Task goal
The lines from the one containing "Road Rage Cipo Baxx Jeans - Blue_4.jpg" through the last one in the data: please copy those exactly, and only those, without the pictures.

Recorded data
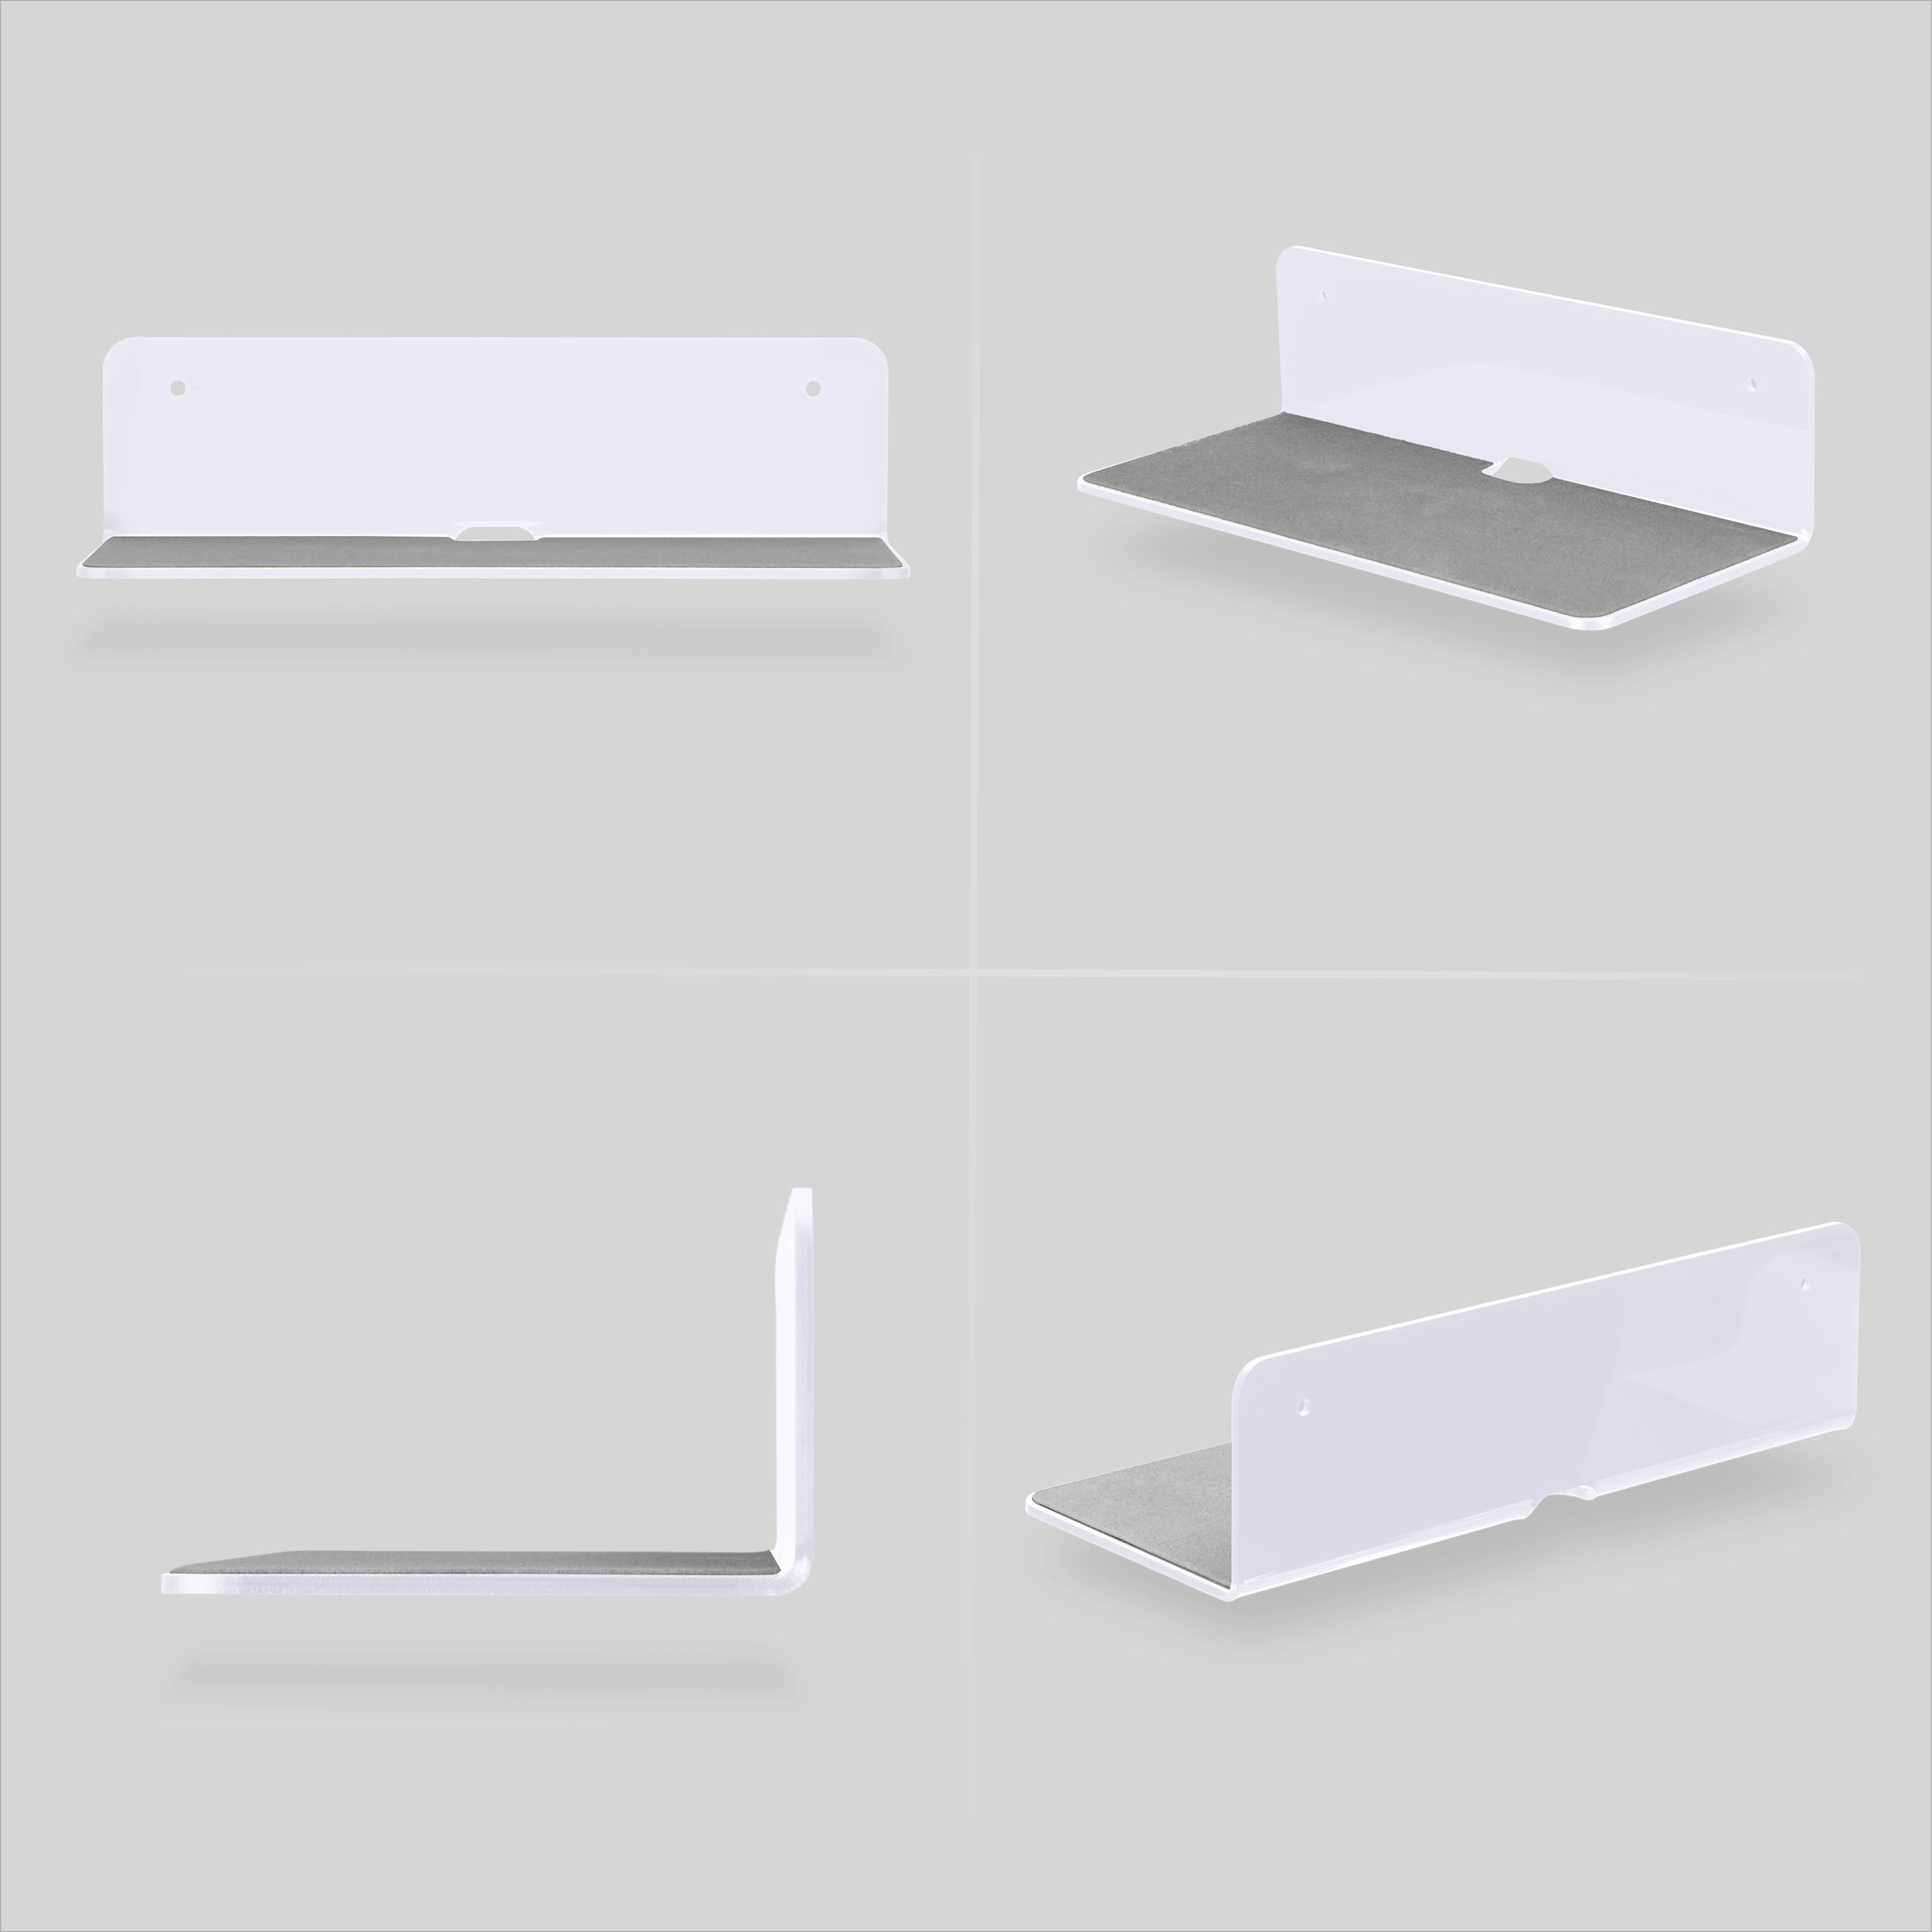 2 Pack) 9” Floating Shelf Bluetooth Speaker Stand, Adhesive
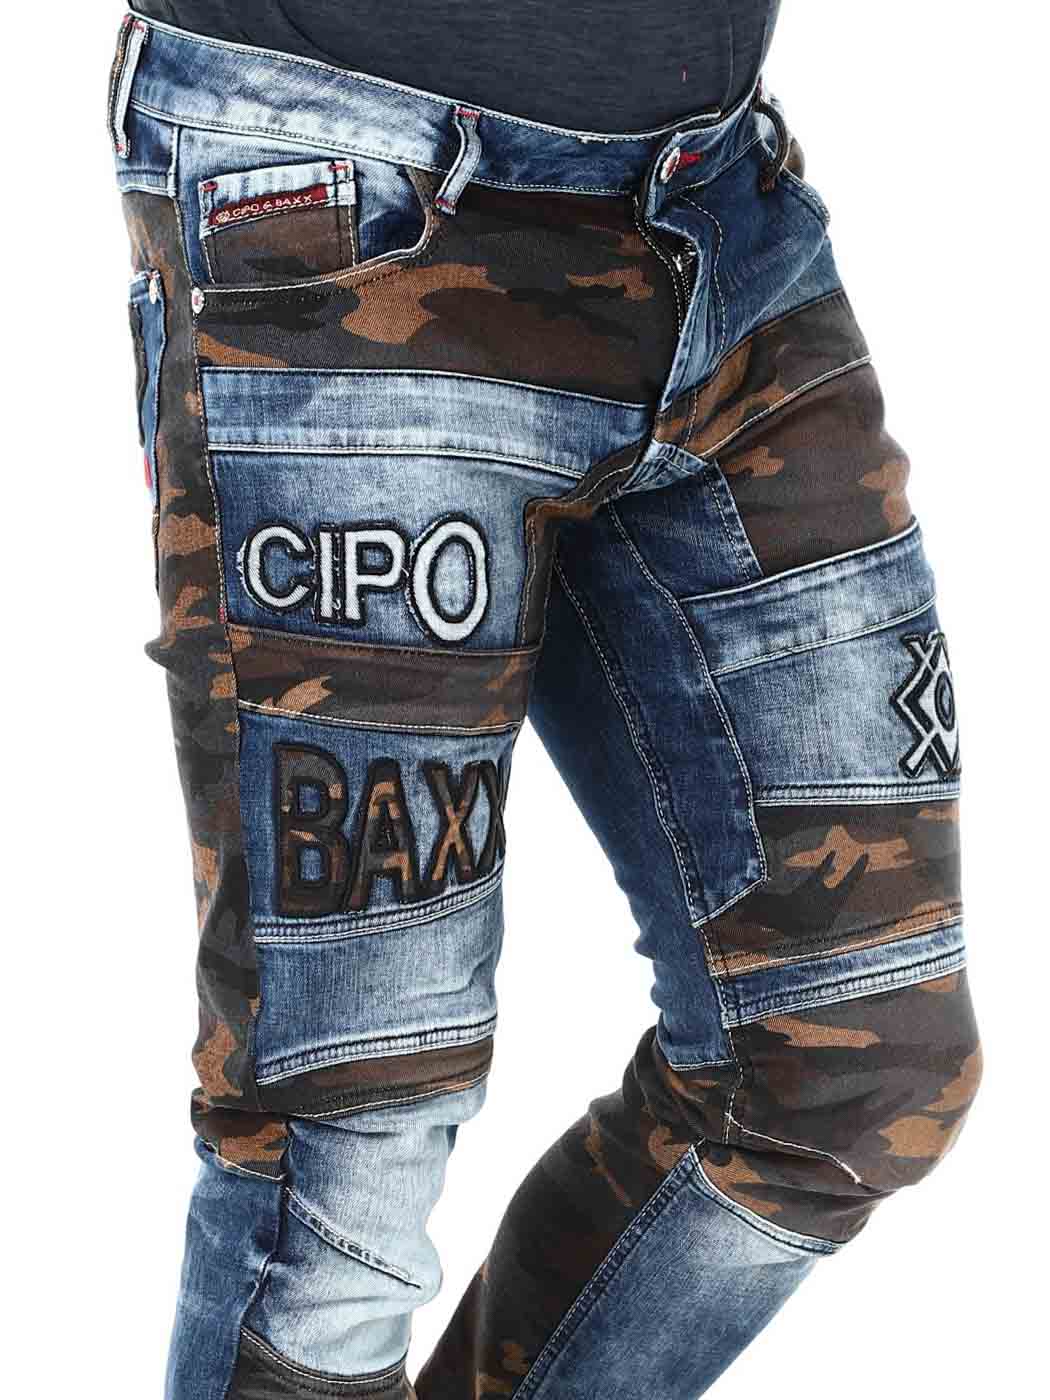 Road Rage Cipo Baxx Jeans - Blue_4.jpg
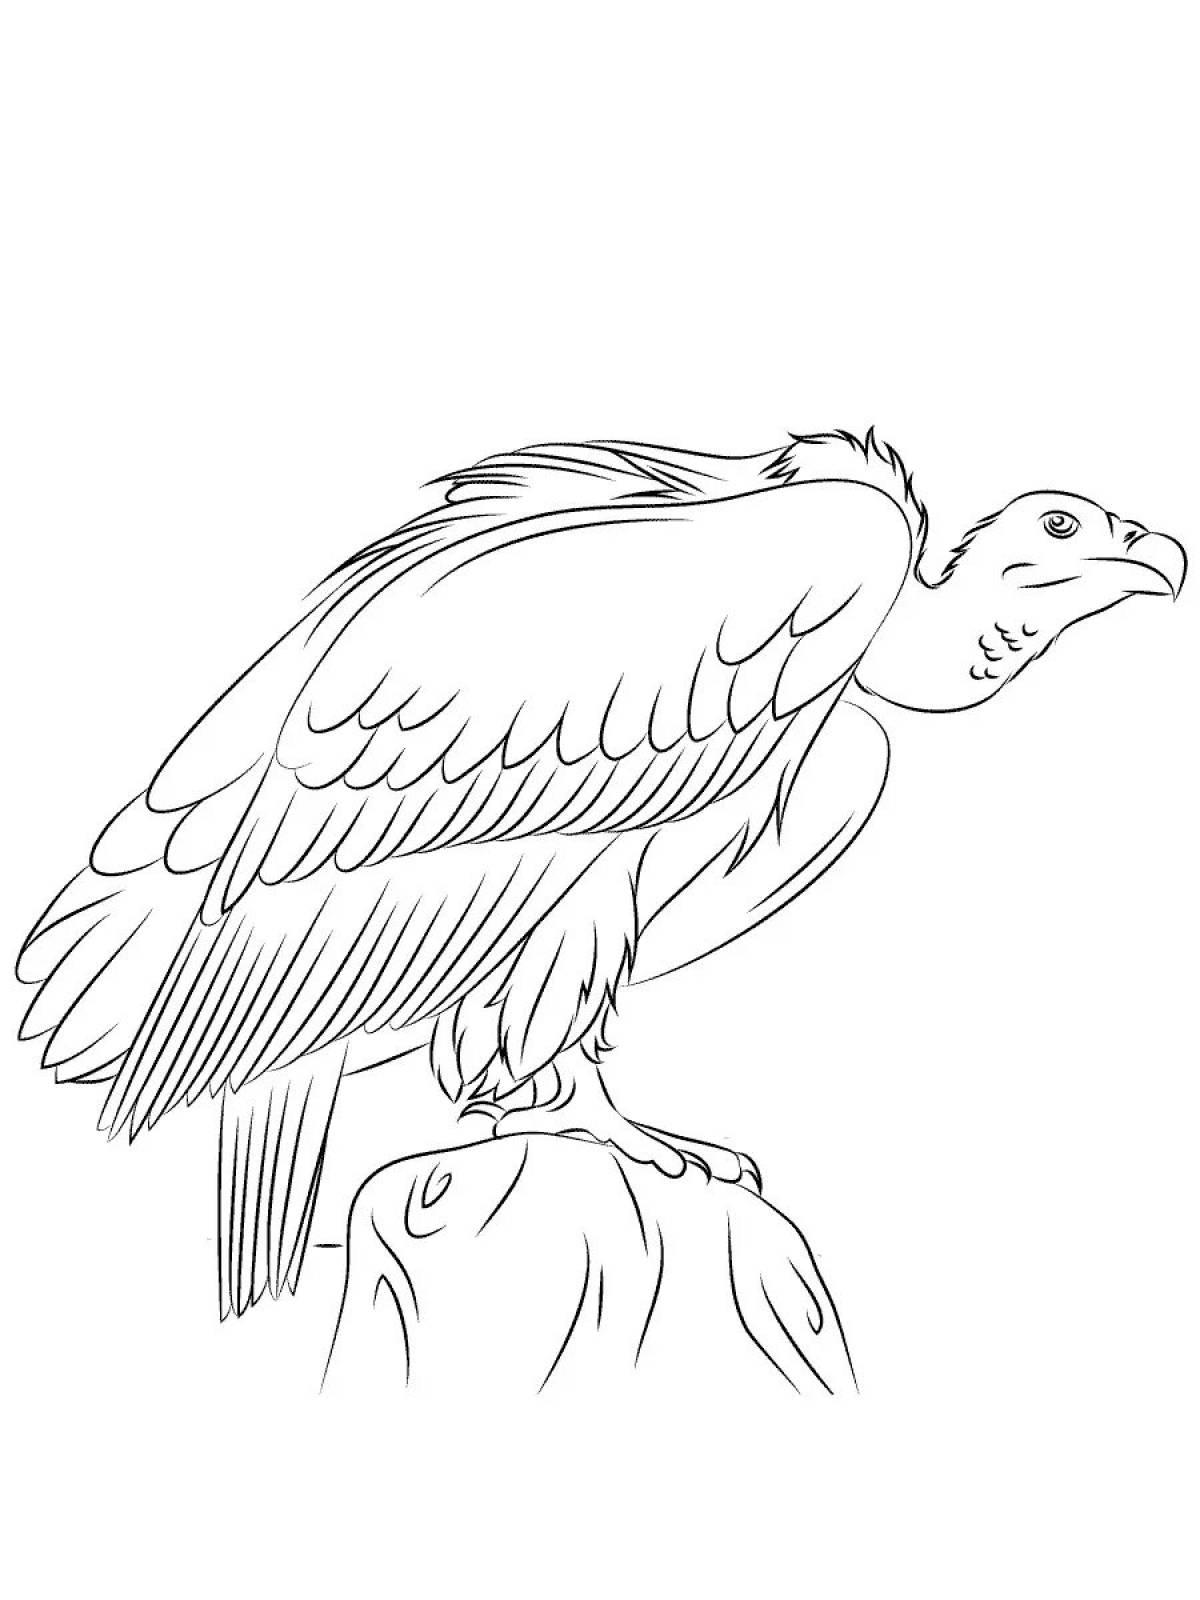 Colouring serene vulture
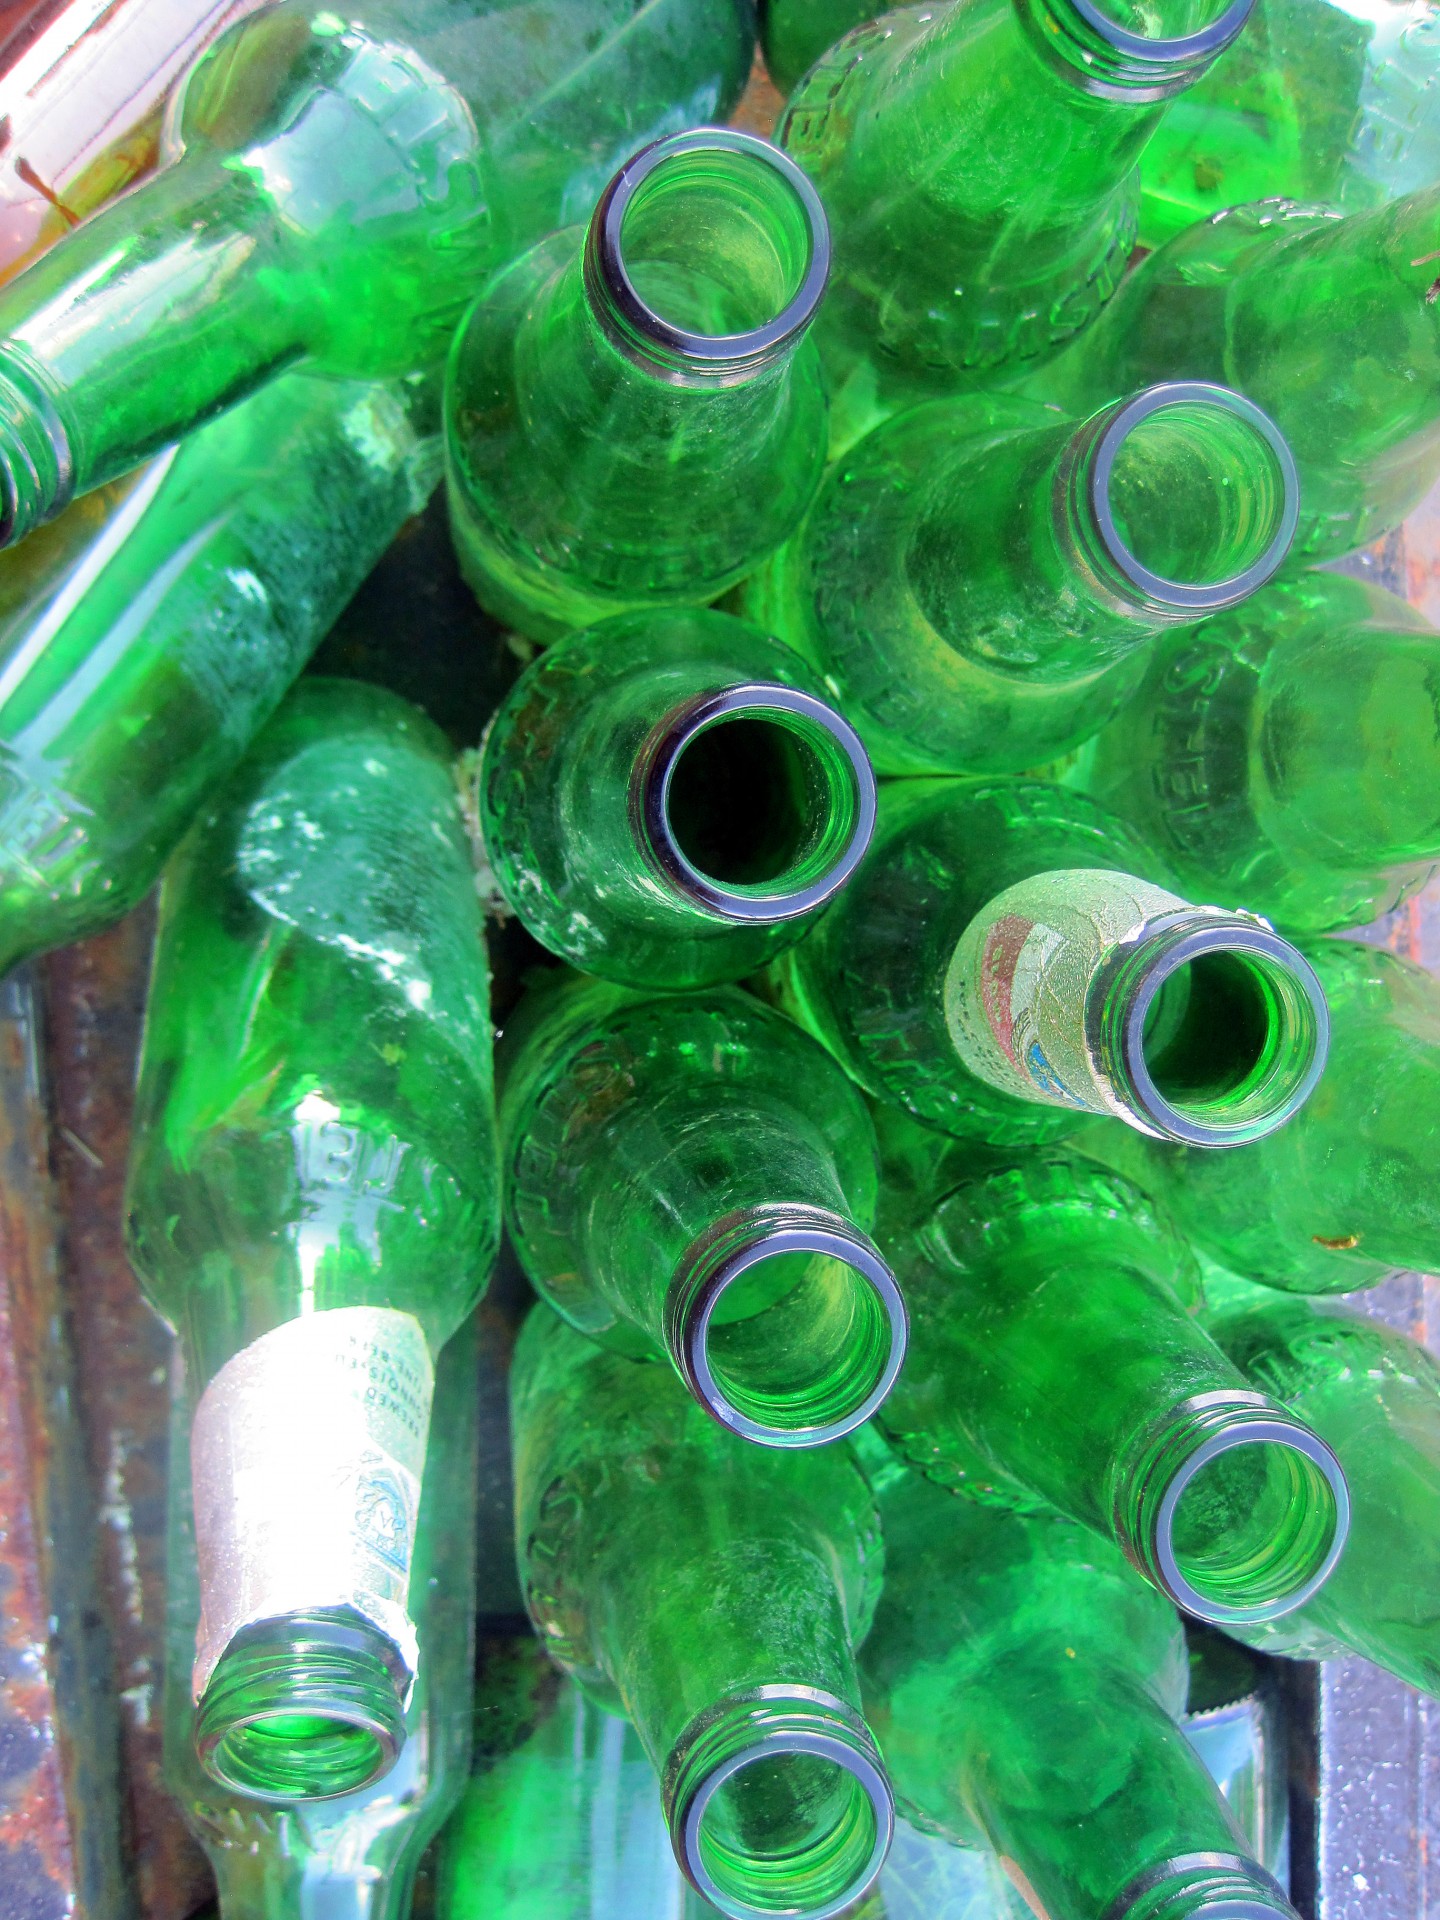 Discarded Green Bottles

Task result
 Road Rage Cipo Baxx Jeans - Blue_4.jpg
 Colouring serene vulture
 Discarded Green Bottles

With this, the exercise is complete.